The landscape that is the subject of this dialogue is the 20 km area around the Fukushima nuclear plant in Japan. This is the compulsory exclusion zone that was established by the Japanese government in 2011 as a radioactive safety perimeter, after the earthquake that shook the north-east of the country. This measure, still in place today, involved the evacuation of hundreds of thousands of people from their homes. Thus, in addition to the "natural" disaster (which had dramatic consequences, causing the deaths of 16,000 people), there was also a "technological" disaster, given the proximity of the nuclear plant, and the possibility that the effects of radioactivity on the ecosystem and the population may prove more harmful than the actual earthquake. Three years on from the accident, we will be "visiting" the Fukushima obligatory exclusion zone and we will observe the techno-genic landscape with thoughtful reflections from the fields of geology, ecology and biomedicine, history and culture. It will be an opportunity to remember and to discuss questions such as whether the region’s seismic nature should have made the nuclear accident foreseeable, and whether the accidents at Chernobyl and Fukushima are comparable. In our attempts to distinguish between "natural" and technological" damage, we might ask whether the radioactive ecosystem could be a contemporary contradiction that is following its own "natural" evolution.

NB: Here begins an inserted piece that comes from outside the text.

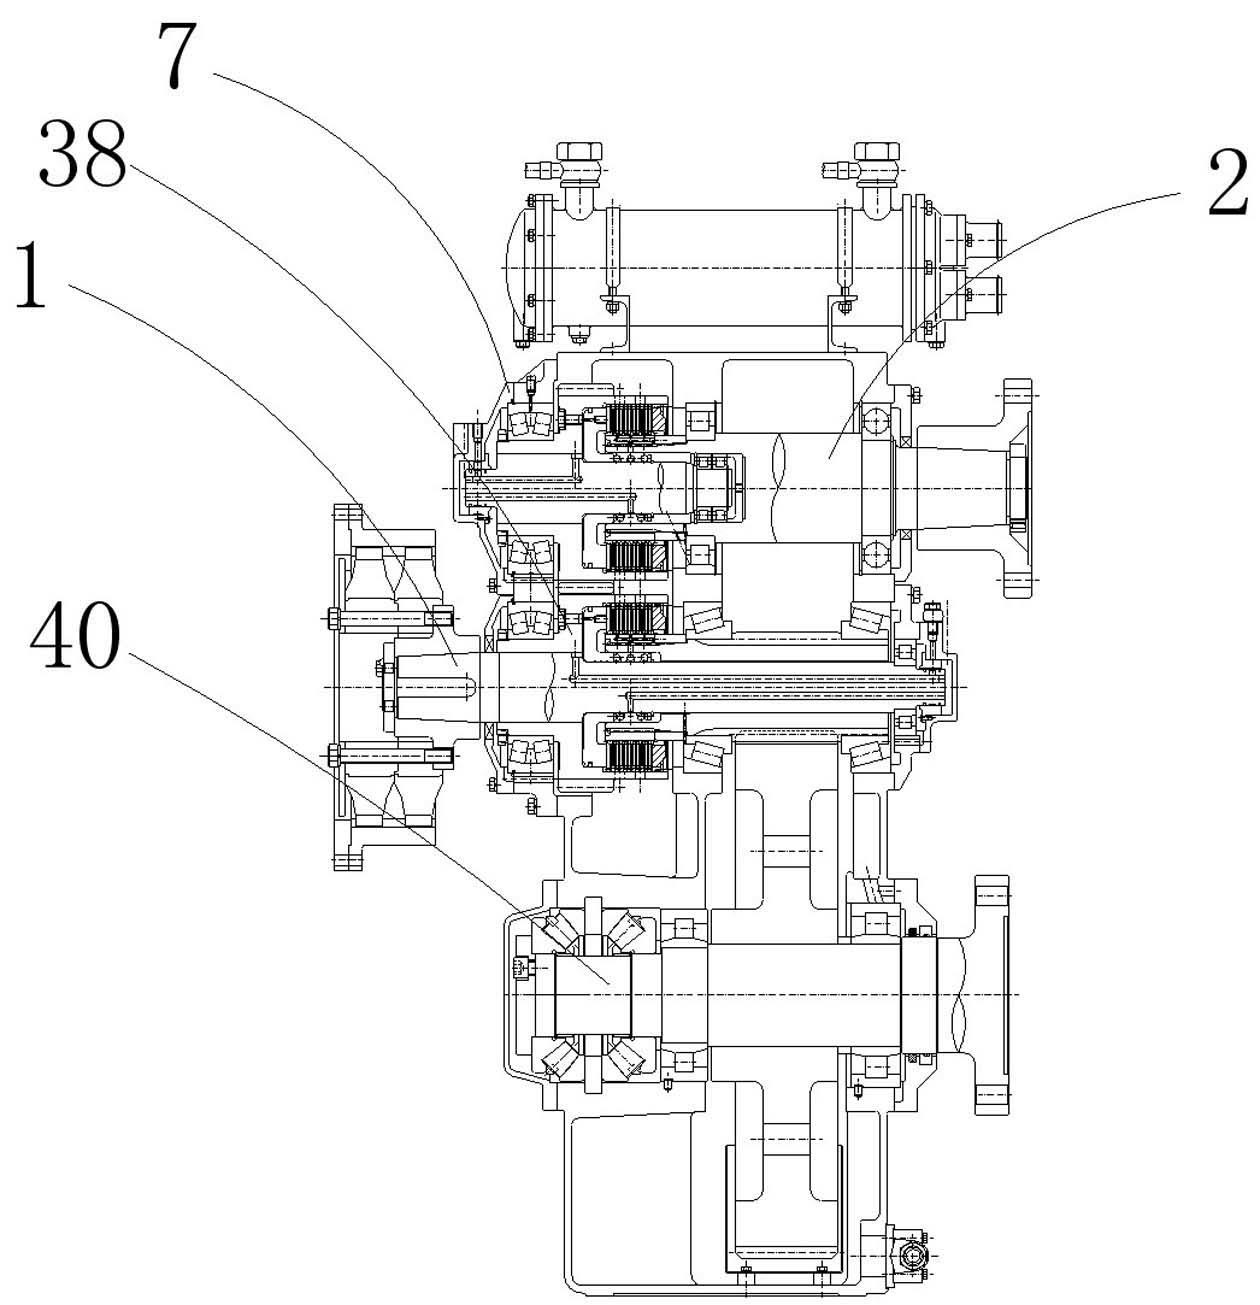 Gearbox with reversing, ahead running, clutching and full-power PTO (Power Take Off) output functions for ship

Seismic landscape: tectonics in Japan
María José Jurado. Institute of Earth Sciences Jaume Almera (ICTJA, CSIC)
Human landscape: the pain and grief of the catastrophe
Yoshihira Hioki. The Bamboo School, an intercultural and inclusive education program, organised by Casa Asia
Nuclear landscape: radioactive ecosystems
Eduard Rodríguez-Farré. Barcelona Biomedical Research Institute (IIBB, CSIC)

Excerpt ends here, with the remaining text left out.